Kevin Kruzich schrieb:


Clarification below...

Kevin Kruzich wrote:


I have an /etc/sasldb2 containing around 600 accounts, in GNU dbm format. In running sasldblistusers2 I can see entries like so:

[EMAIL PROTECTED]: cmusaslsecretPLAIN
[EMAIL PROTECTED]: userPassword
[EMAIL PROTECTED]: userPassword


When I try to authenticate against (using imtest) this on a host other than greenwich I get the following:


When I move the sasldb2 file to another host (eg, "mbox"), the system we're planning to migrate to, I get the following:

S: L01 NO Login failed: user not found
Authentication failed. generic failure
Security strength factor: 0

How exactly do you try to auth? The username is "[EMAIL PROTECTED]".

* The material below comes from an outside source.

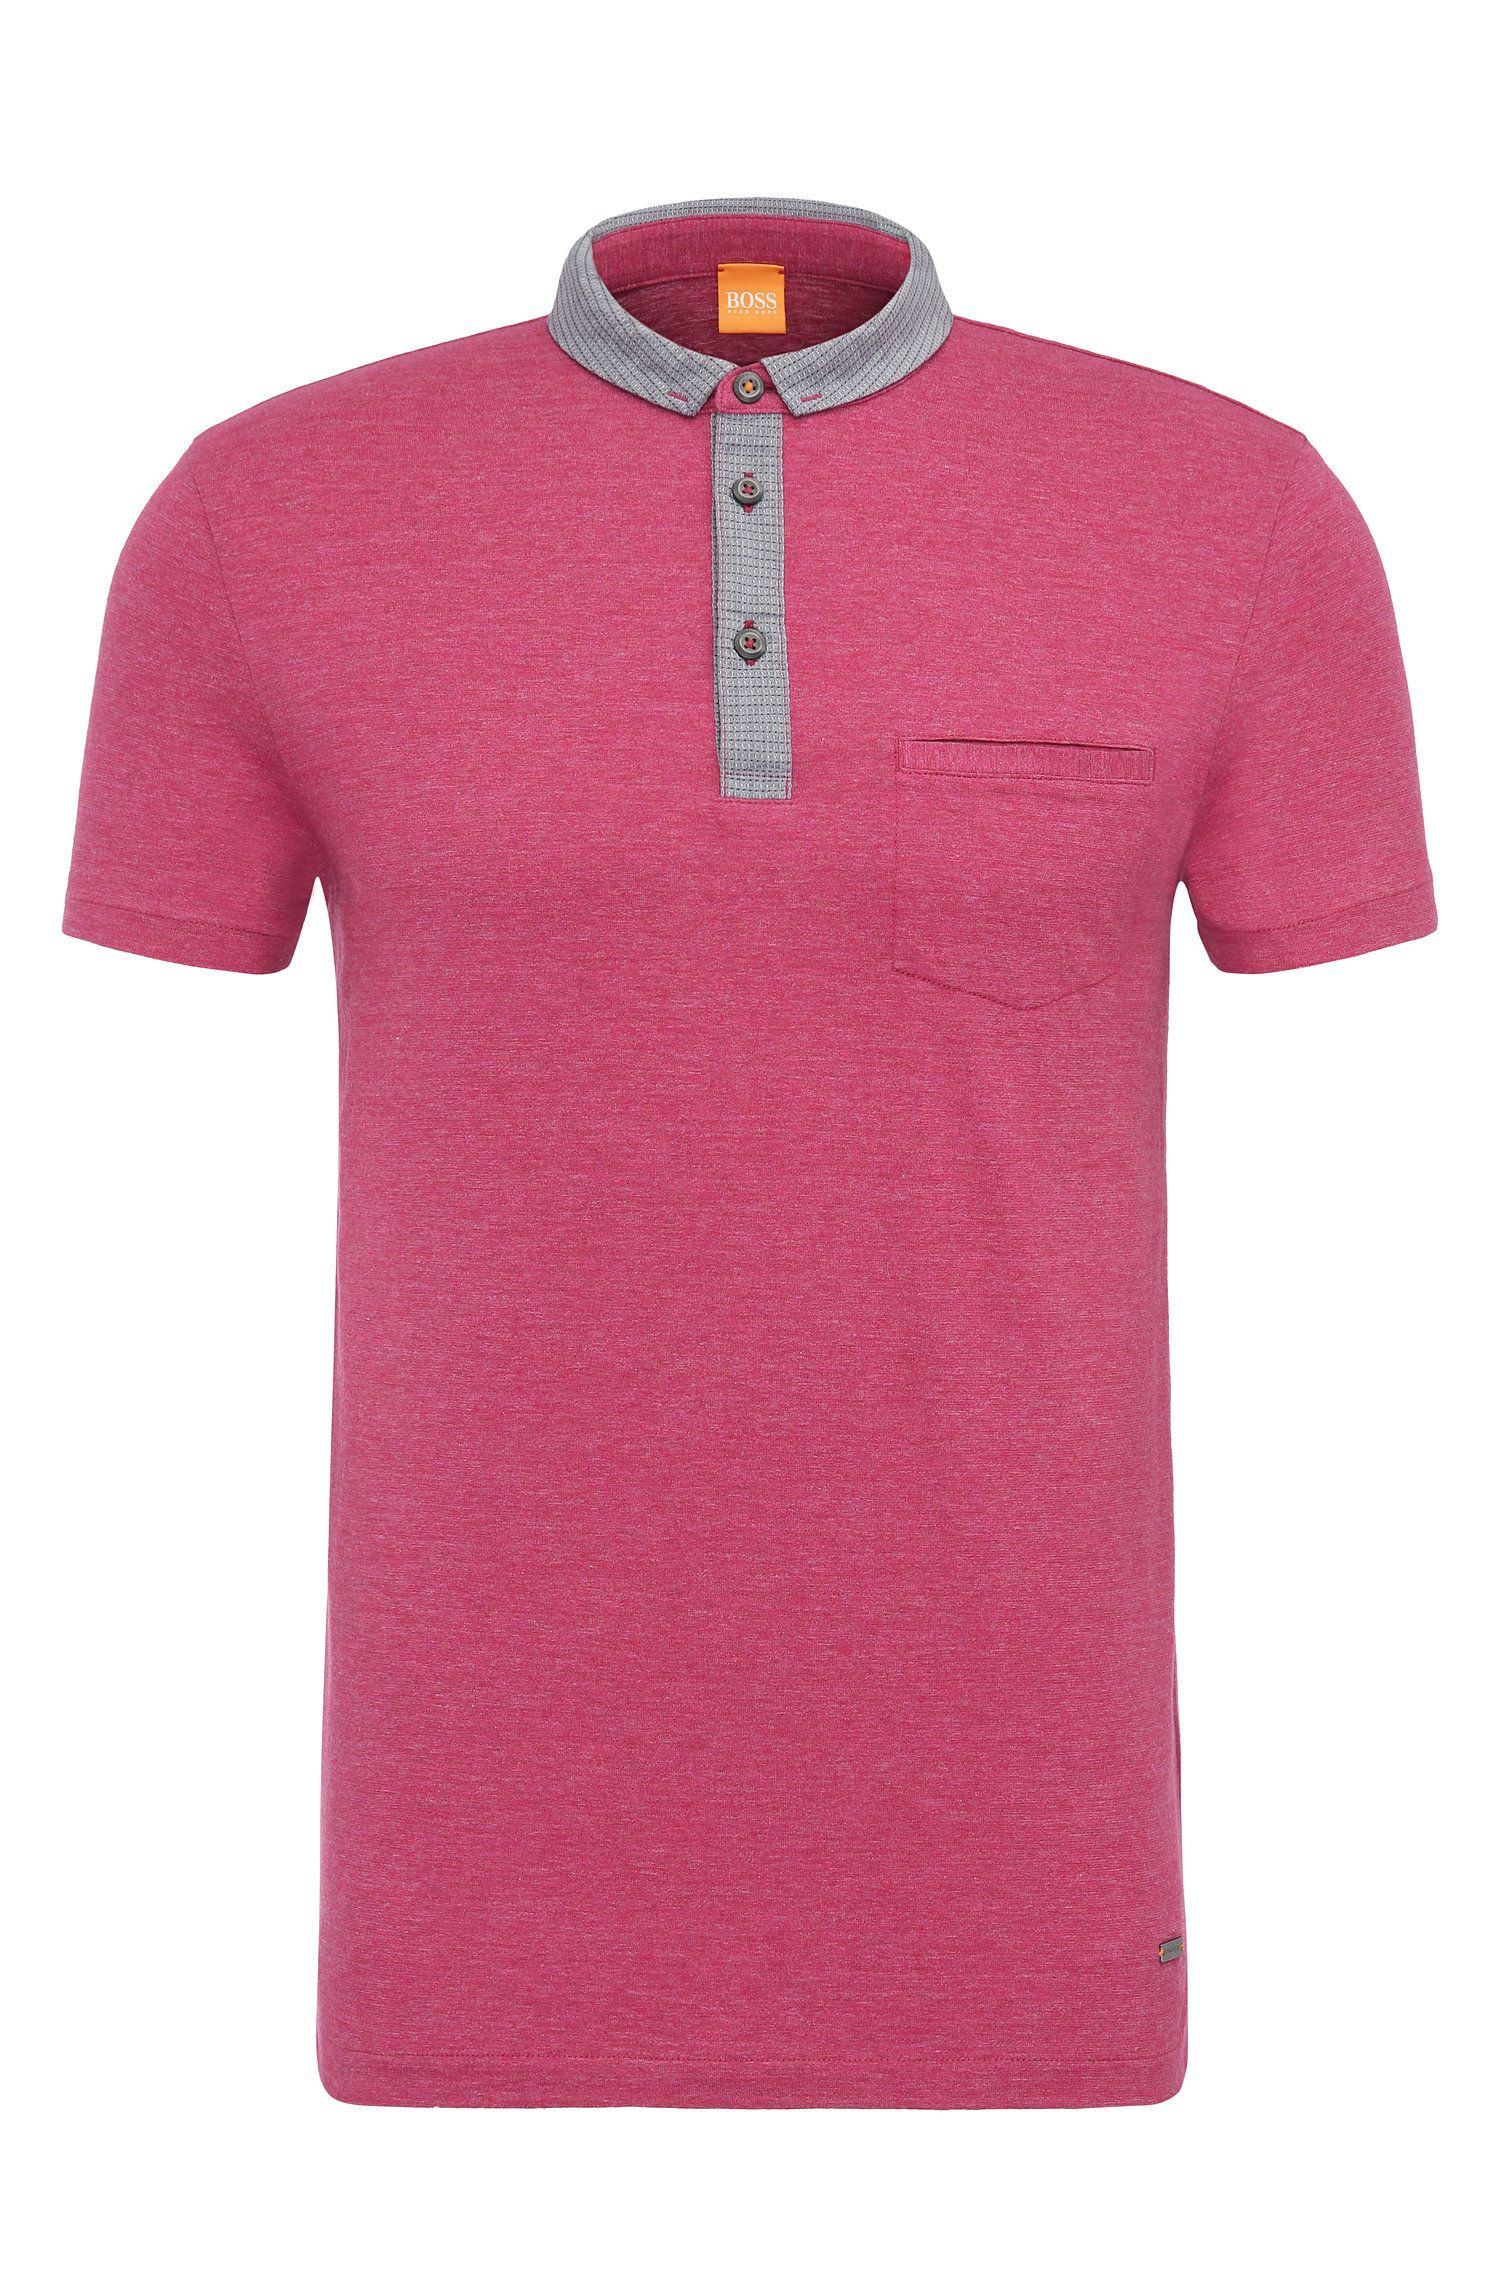 'Patcherman 1' | Regular Fit, Marled Cotton Polo Shirt

I CAN add another account [EMAIL PROTECTED] using saslpasswd2 --but what I really want to do is change the domain (or realm) in this existing sasldb2.

Did you read "man saslpasswd2"? You would see to use "-u domain", which sets the realm. By default the domain / realm is the hostname where you run saslpasswd2.


I've moved the sasldb2 file to another host --and I can add an additional account there. So there's [EMAIL PROTECTED] and [EMAIL PROTECTED] But what I'd rather do is just change the name of the realm for joe, leaving his former password intact.

Why does the realm matter if you seem to haven't it used for auth previously?